Trademark Appeal Case
「セイデン」の識別力と品質表示性
本データベースは、特許庁の審決例をAIで解析・要約したものです。拒絶理由通知に対する意見書作成や、審判請求書等の作成時の参考としてお役立てください。
基本情報
| 審判番号 | 異議2005−90145(T2005−90145/J7) |
|---|---|
| 審判種別 | 異議 |
| 結論 | 敗訴(請求棄却) |
理由テキスト
1 本件商標
本件登録第4826881号商標(以下「本件商標」という。)は、「セイデン」の文字を標準文字としてなり、平成16年5月27日に登録出願、第17類「プラスチック基礎製品,ゴム」を指定商品として、同年12月17日に設定登録されたものである。
2 登録異議申立ての理由の要点
本件商標は、静電気の帯電を抑制するという意味の「制電」を単に片仮名表記したにすぎないから、指定商品中例えば「帯電防止機能を有するプラスチック板」に使用しても商品の品質を表示するに過ぎず、自他商品の識別標識としての機能を果たし得ない。また、制電性を有する商品以外の製品に使用するときは商品の品質の誤認を生じさせるおそれがある。
したがって、本件商標は、商標法第3条第1項第3号及び同法第4条第1項第16号に該当するものである。
3 当審の判断
本件商標は、片仮名文字で「セイデン」と表してなるものであるところ、「セイデン」(せいでん)の音に適合する既成の語は、「井田」「世伝」「正伝」「正殿」「星伝」「聖殿」「静電」であるが、「制電」の語は見当たらない(1998年11月11日第五版、株式会社岩波書店発行、「広辞苑」参照)。

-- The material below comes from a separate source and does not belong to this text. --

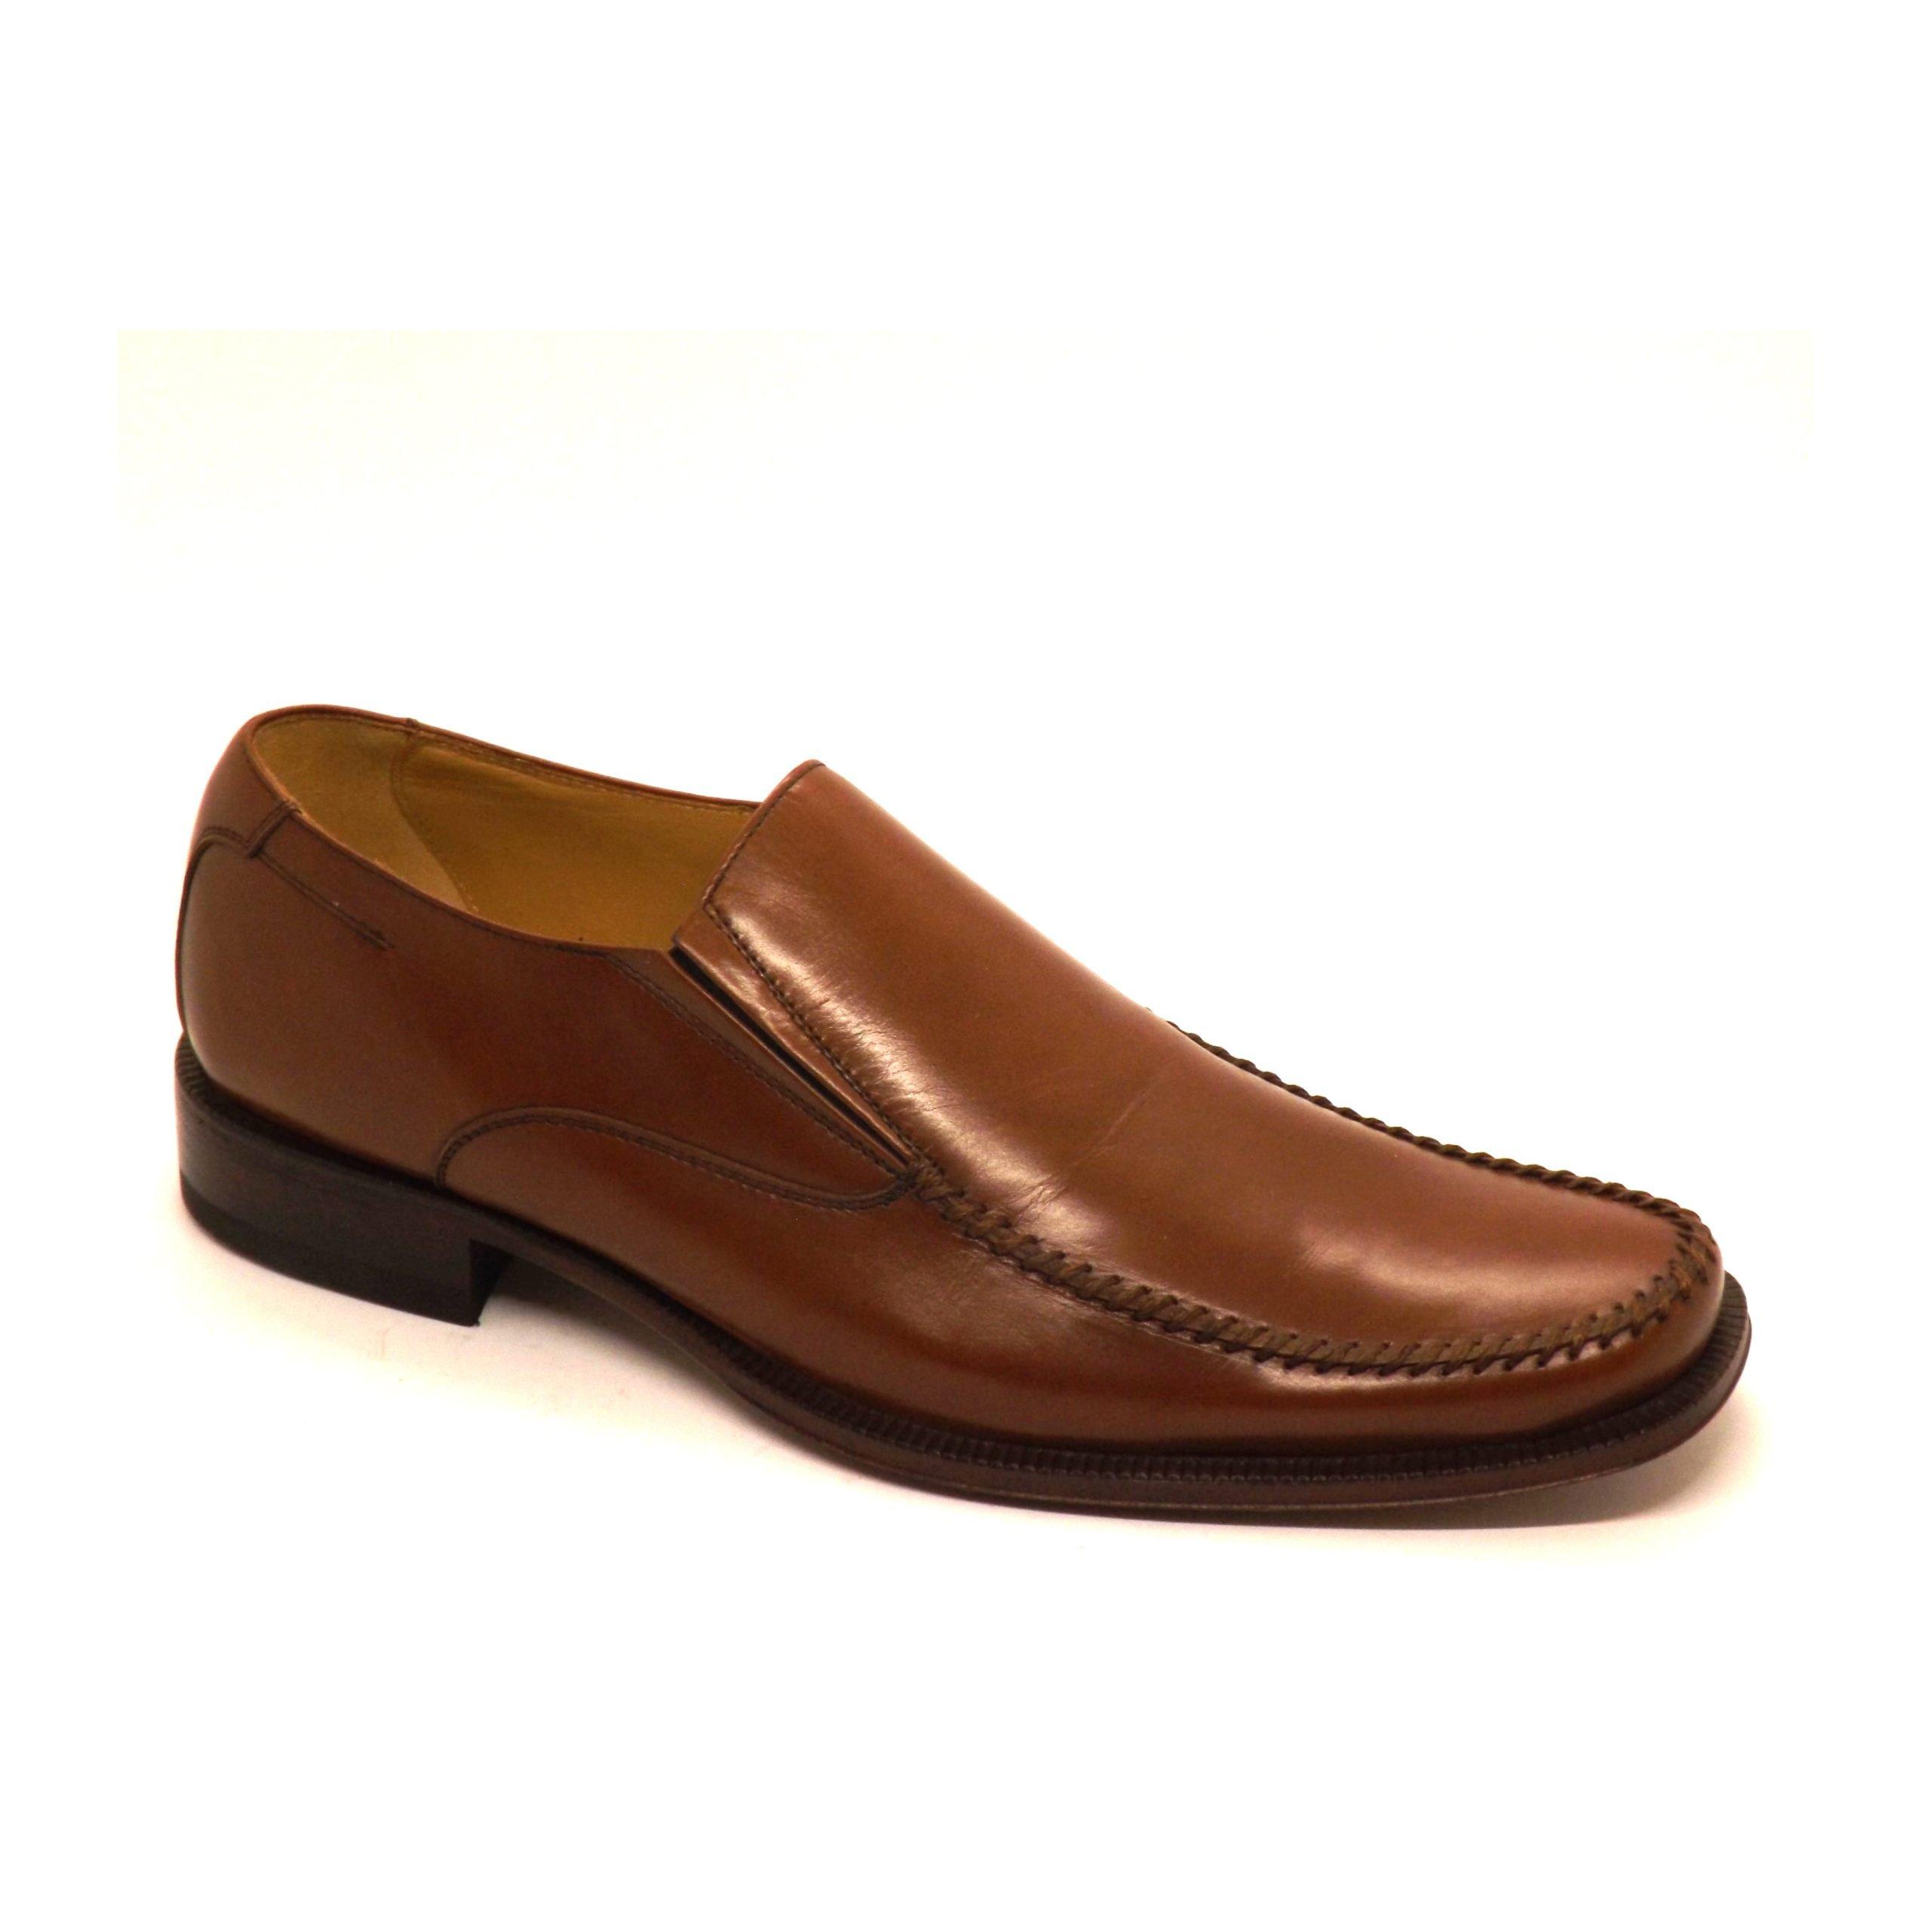 Zapato k Torsi Roble

そして、提出に係る甲各号証には、「制電」「制電性能」(甲第2号証)、「制電プレート」(同第2及び3号証)「制電・帯電防止板」(同第4号証)、「制電性」(同第5ないし7号証)、「制電手袋」(同第8号証)、「制電ゴム」(同第9号証)の表示や記載が認められる。しかし、本願商標は、「セイデン」であって、この表示ないし記載は見いだせない。
他に、「セイデン」の文字が、本件商標の指定商品について、商品の品質等を表示するものとして取引上普通に使用されていると認め得る証左はない。
してみると、本件商標は、指定商品との関係において、特定の意味合いをもって認識されることのない一種の造語として把握されるものというのが相当である。
したがって、本件商標は、商品の品質を表示するものとはいえず、その指定商品に使用しても、自他商品の識別標識として機能を果たし得るものというべきであるから、商標法第3条第1項第3号に該当しない。
また、前記のとおり、特定の商品の品質を表示するものとは認められないから、指定商品に使用しても、商品の品質について誤認を生じさせるおそれがあるものともいえない。したがって、本件商標は、商標法第4条第1項第16号に該当しない。
以上のとおり、本件商標は商標法第3条第1項第3号及び同法第4条第1項第16号に違反して登録されたものではないから、その登録は維持すべきものである。
よって、同法第43条の3第4項の規定に基づき、結論のとおり決定する。